In spite of these precautions, nothing really eliminated the eczema. My index fingers on both hands were scaly and itchy, and I needed to use a nail file to buff them down before each massage client. Lovely. So I knew by simple logic that one of both of my massage creams was causing the eczema.

I figured out the culprit by using only one of the creams at a time for a few weeks to see what my skin’s reaction would be. And voila, the Advanced Therapy Massage Lotion was the culprit. So I gave the rest of my bottle to a massage therapist friend who has no skin allergies, and have stuck with the Biotone Pure Touch Organics Massage Cream ever since. It has a shea butter base, which makes it really thick and difficult to spoon into the squeeze tube I use, but my eczema has disappeared, and my hands are happy once more.

To make a long story short, never give up and keep experimenting with creams, lotions, and oils. If you have sensitive skin like I do, you CAN have a successful massage career and you don’t have to suffer with dry, itchy skin on your hands. The right product is everything.

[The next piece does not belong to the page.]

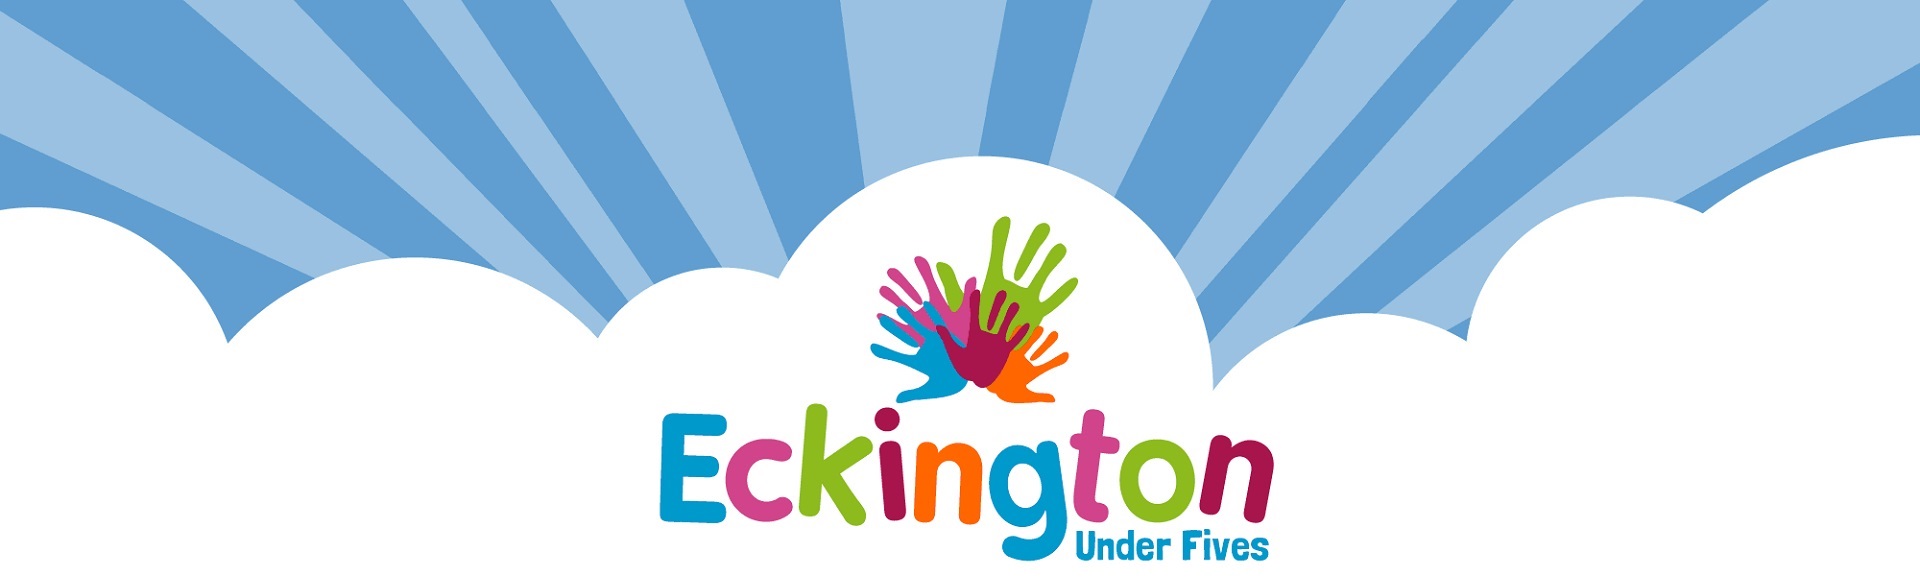 Eckington-Under-5s-Home_1920x580

7 thoughts on “Massage Therapists: How I Chose a Massage Cream for my Ultra-Sensitive Skin

  1. Thanks for the info.
    Is there a reason why you wouldn’t try fractionated coconut oil?

  2. I don’t like using coconut oil for massage. Too oily for me. Many massage therapists use fractionated coconut oil and like it, but I prefer massage creams over oils.

  3. Hi Alicia, Does the Pure Touch Organics cream stain sheets at all? I would guess it might because of the jojoba oil but you mentioned the shea butter is the dominant base. Thanks.

  4. I’ve. Web design with dry cracked and horrible itchy hands for about 2 years now! I’m at my white end! I’m having breakdowns crying cause I itch so bad. I’m using calamine to calm the itch but it. Ur a also! I’m trying shea and jojoba right now but nothing seems to work. It’s awful and so embarrassing!

  5. Sometimes it’s an allergy to the massage cream you’re using and sometimes it’s something else. I learned early on that liquid soap dries out my skin terribly — especially antibacterial soap. Liquid soap makes my hands crack and bleed. Once I switched to using a triple-milled Swiss bar soap to wash my hands, a lot of my lizard skin problems went away. If you have really sensitive skin, change your soap as well as your massage oil. With the massage oil, keep the ingredients simple — try sesame oil as a massage oil and keep it refrigerated when you’re not using it. My massage school had almond oil and sesame oil available for us to practice with, and the sesame oil was the least allergenic because of the people who have hidden nut allergies. Best of luck to you!